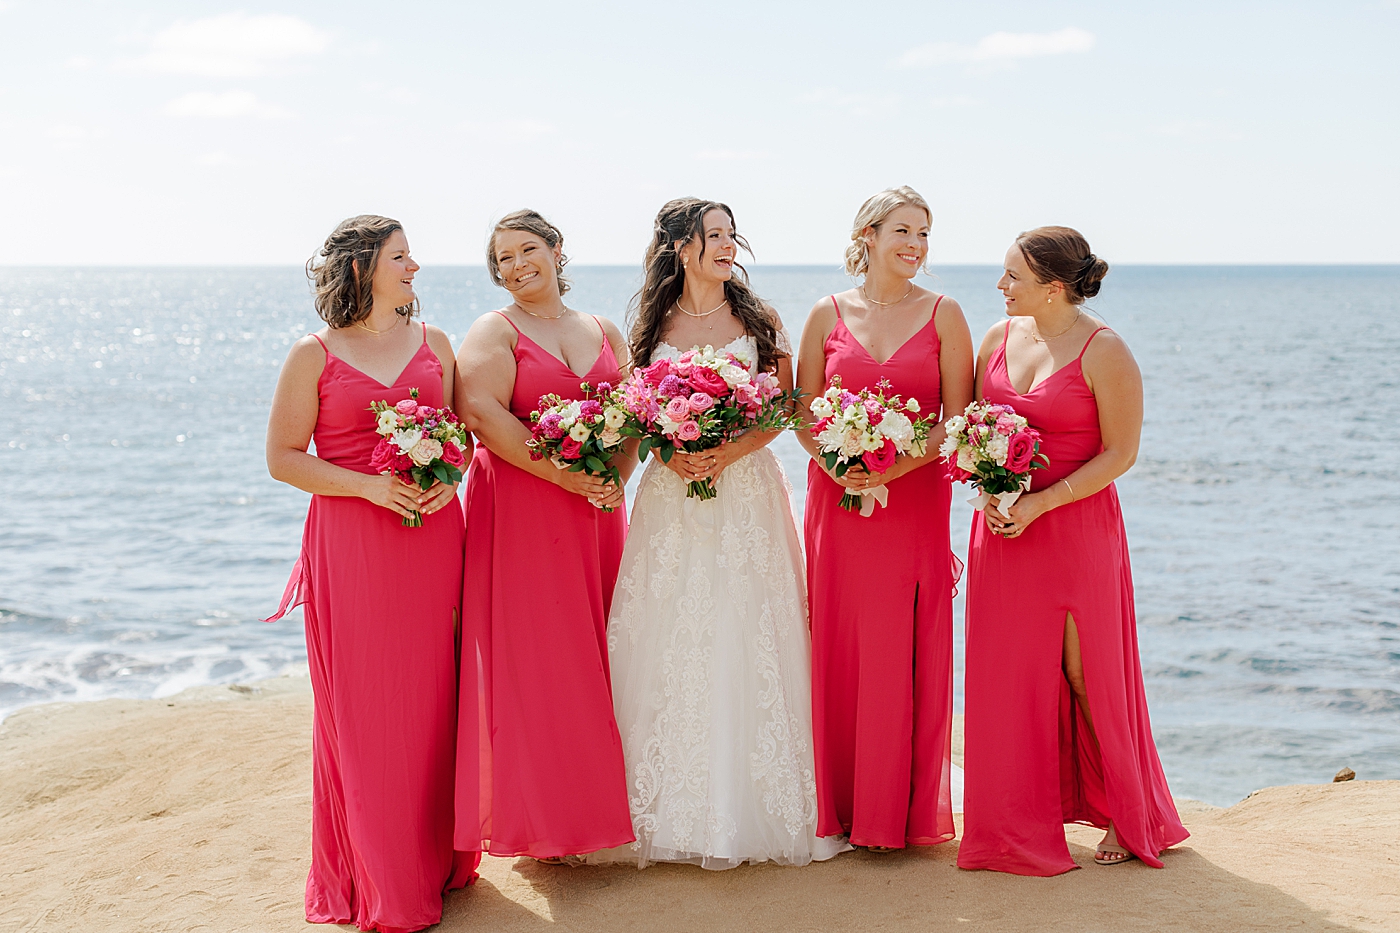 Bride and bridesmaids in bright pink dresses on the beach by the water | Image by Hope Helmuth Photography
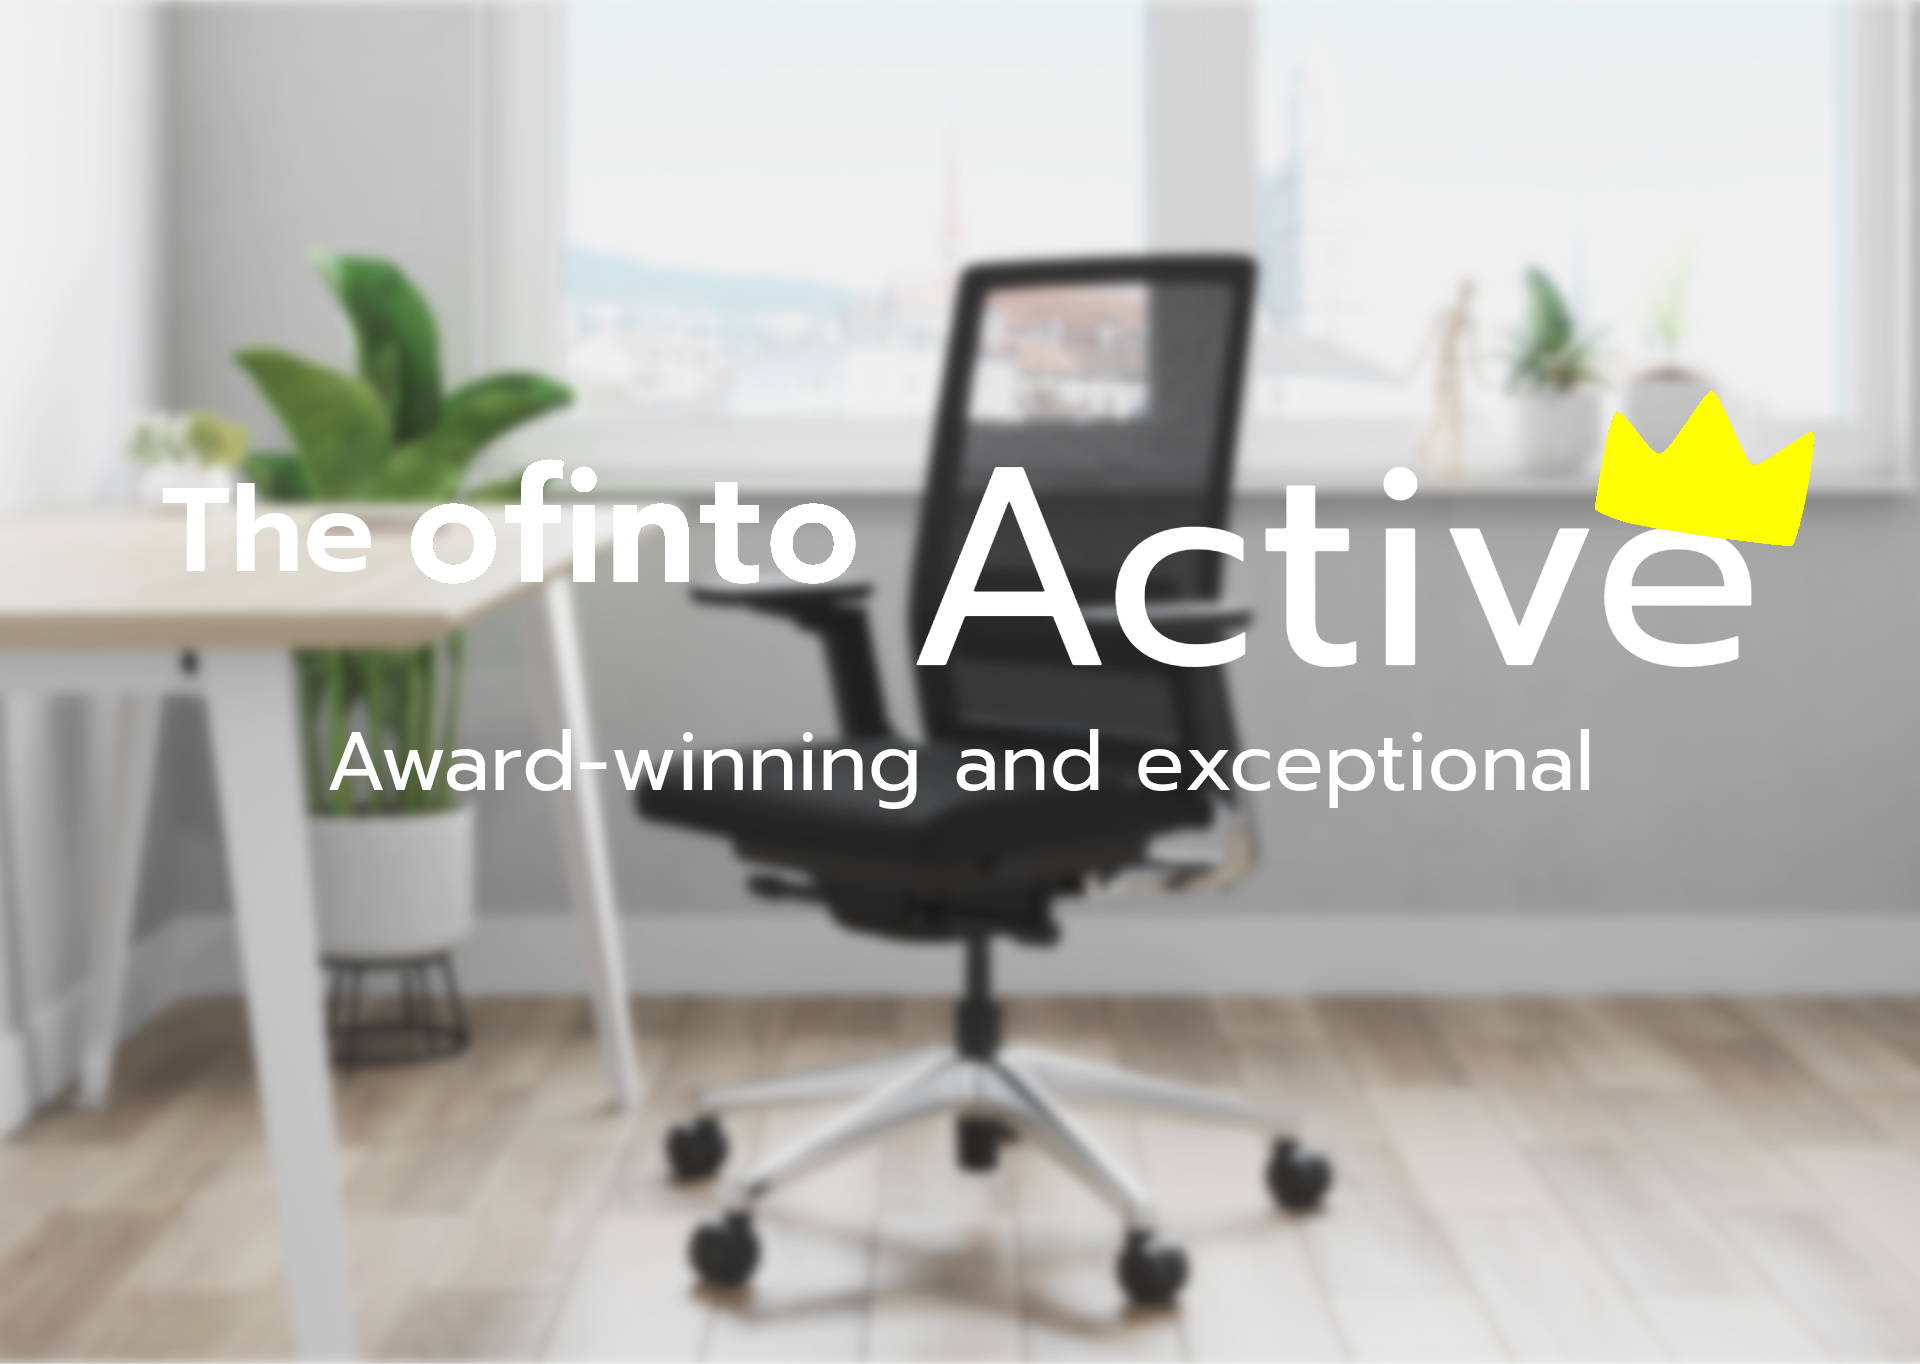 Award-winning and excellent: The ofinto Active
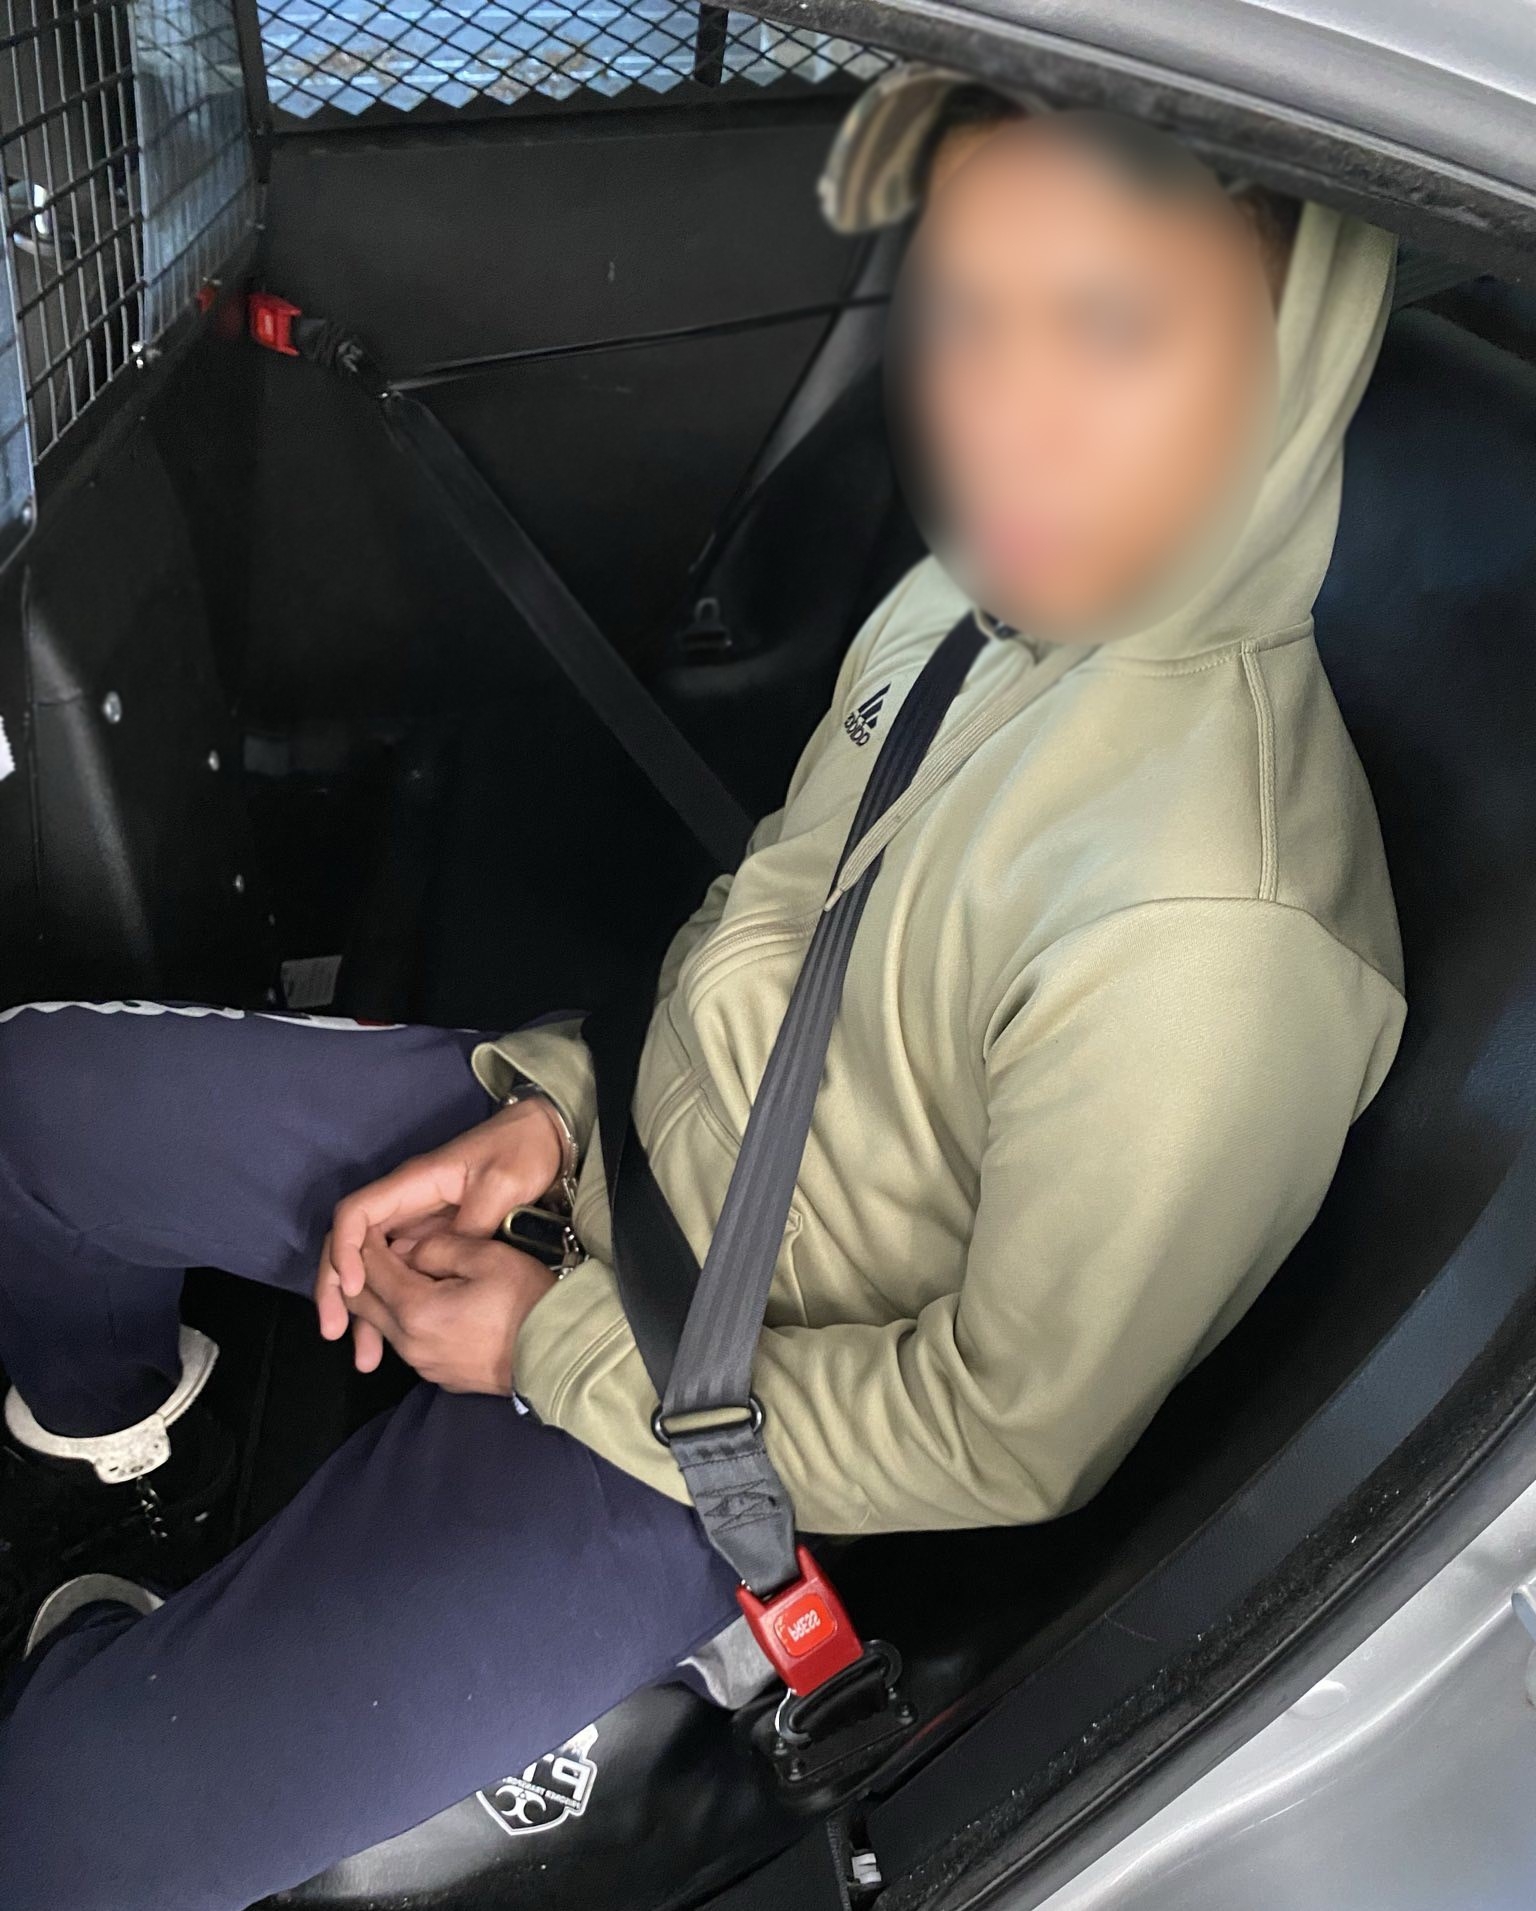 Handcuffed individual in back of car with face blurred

= = = = = = =

▶ WHAT YOU SHOULD DO:
Print the entire listing above verbatim. No picture should be included.

▶ TASK ANSWER:
 Bride and bridesmaids in bright pink dresses on the beach by the water | Image by Hope Helmuth Photography
 Award-winning and excellent: The ofinto Active
 Handcuffed individual in back of car with face blurred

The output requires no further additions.